=== WORK ITEM ===
Give every line of the material back exactly, images removed.
[Opening MATERIAL PROVIDED section]
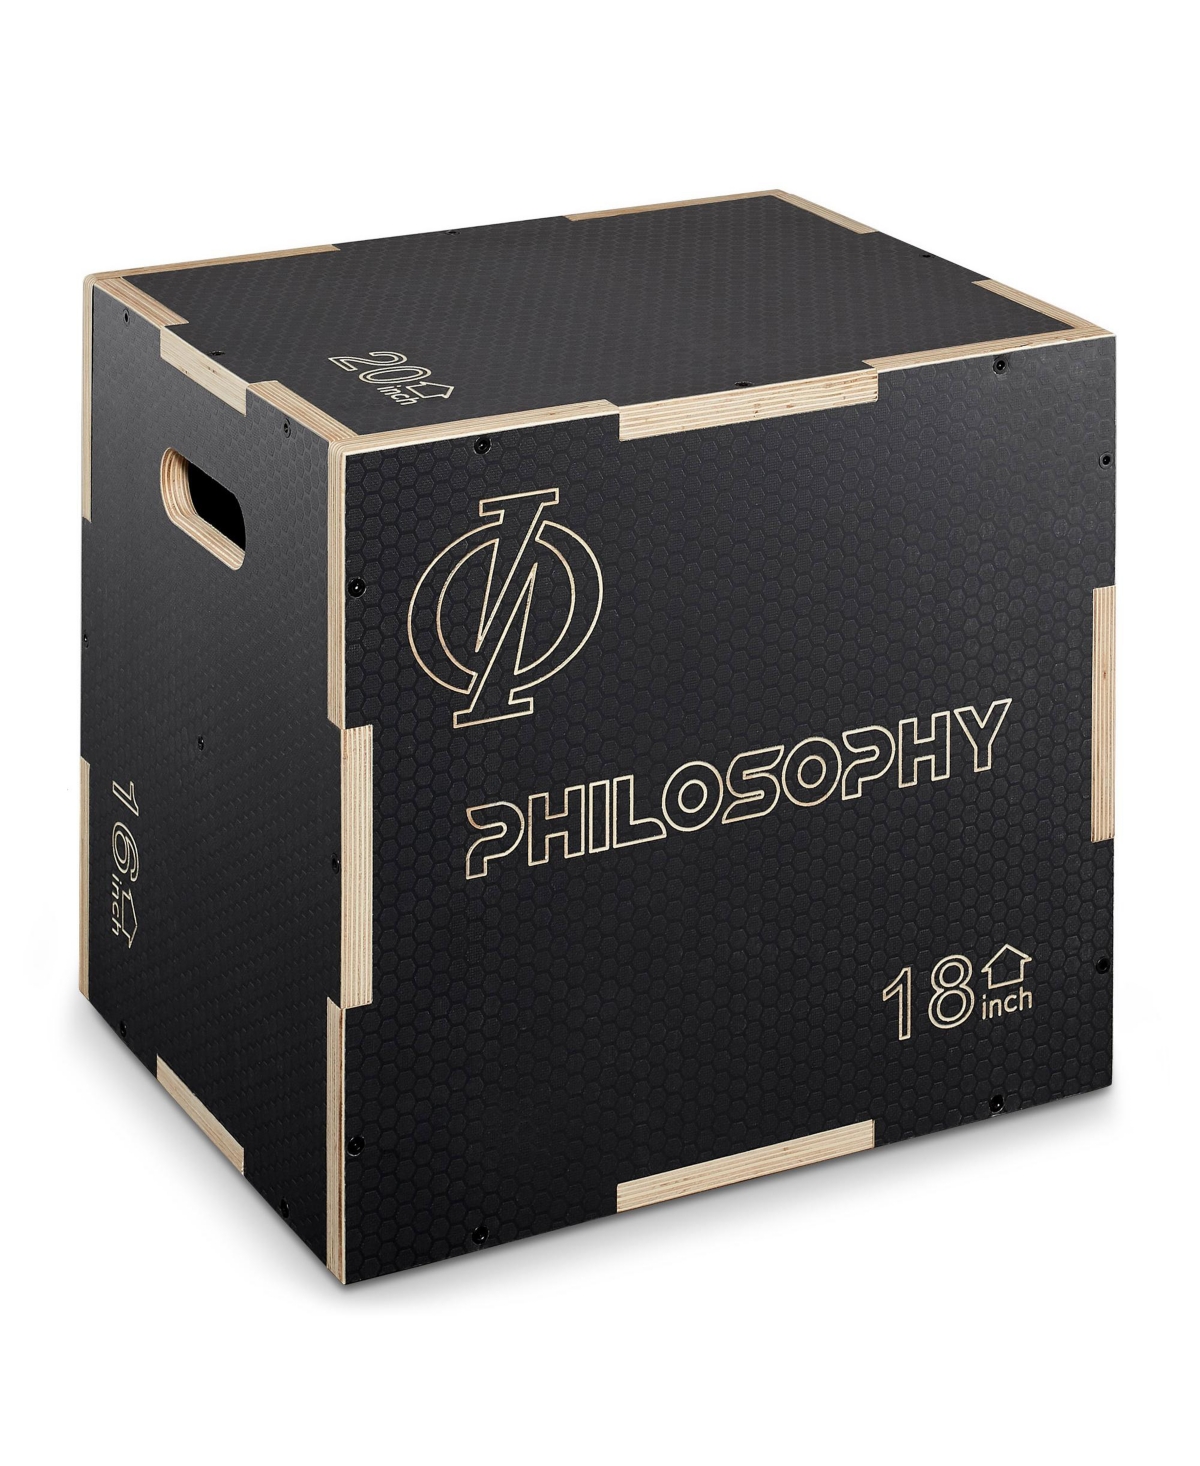 3 in 1 Non-Slip Wood Plyo Box, 20" x 18" x 16", Black, Jump Plyometric Box for Training and Conditioning - Black
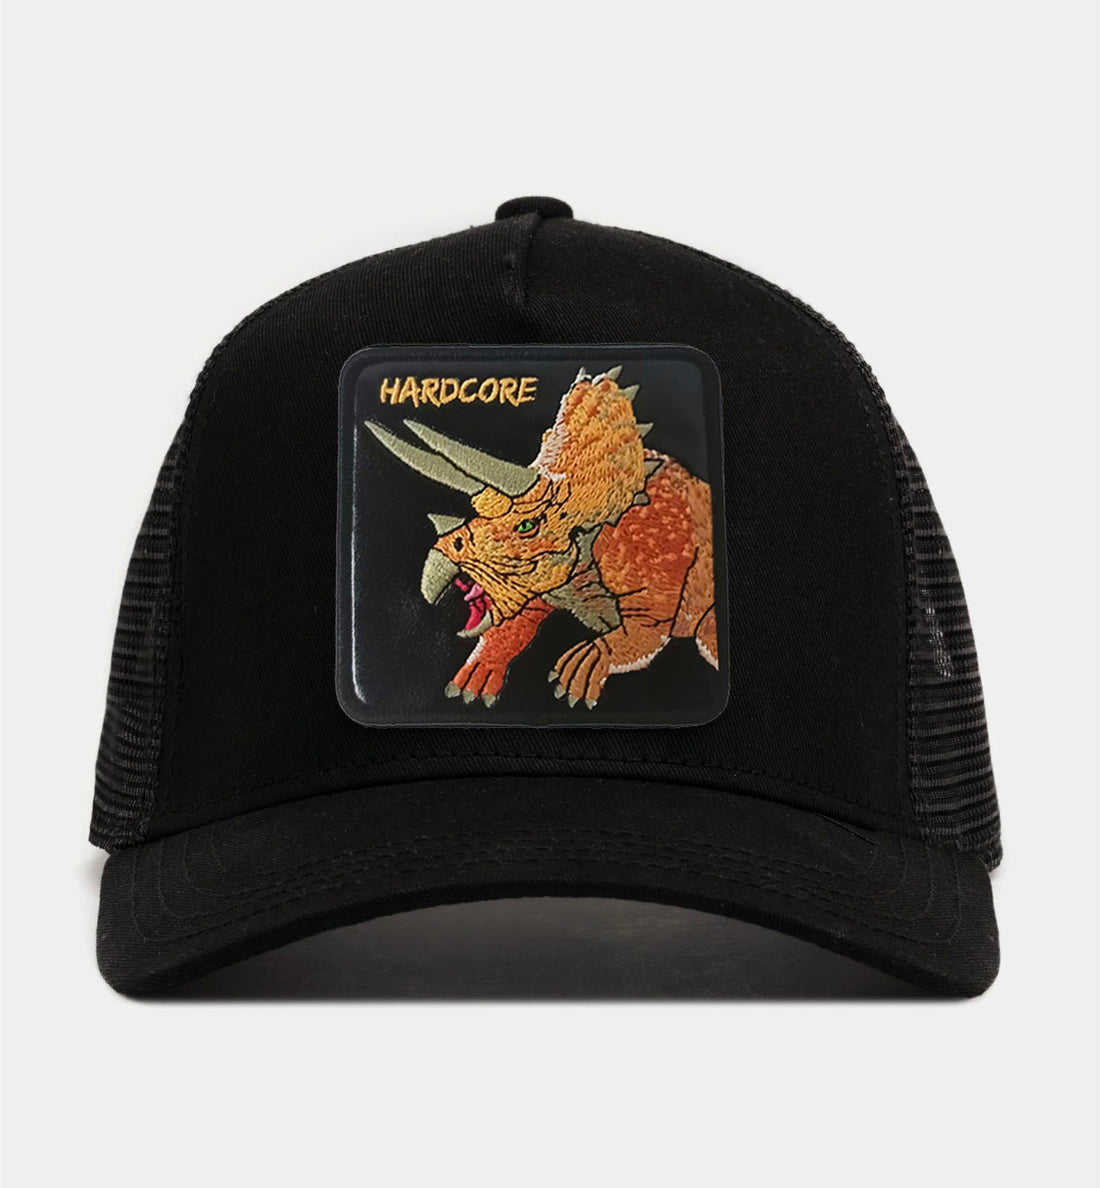 Triceratops - "Hardcore" Trucker Hat
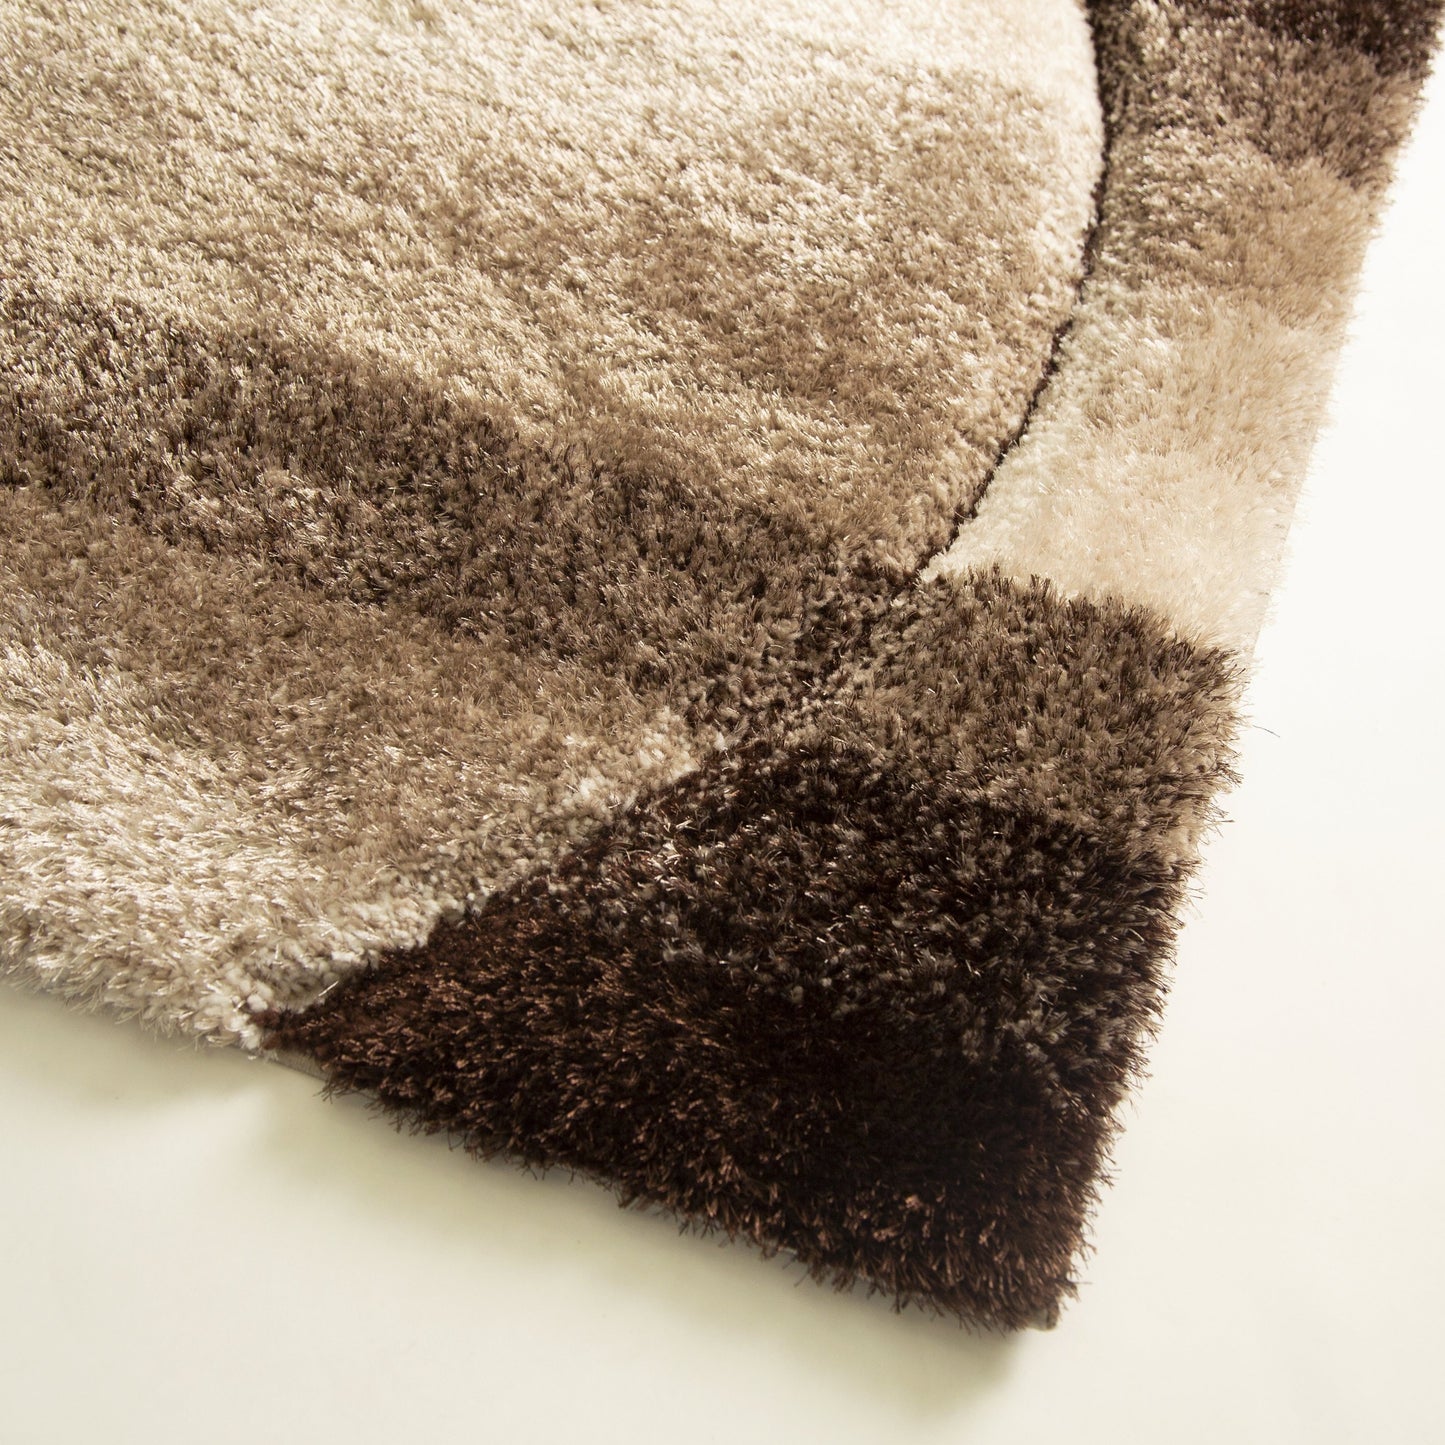 Plush Fluffy Shine 3D Earth Tone/Brown/Beige Shag Area Rug/Carpet
[Closing MATERIAL PROVIDED section]
=== WRITTEN REPLY ===
 3 in 1 Non-Slip Wood Plyo Box, 20" x 18" x 16", Black, Jump Plyometric Box for Training and Conditioning - Black
 Triceratops - "Hardcore" Trucker Hat
 Plush Fluffy Shine 3D Earth Tone/Brown/Beige Shag Area Rug/Carpet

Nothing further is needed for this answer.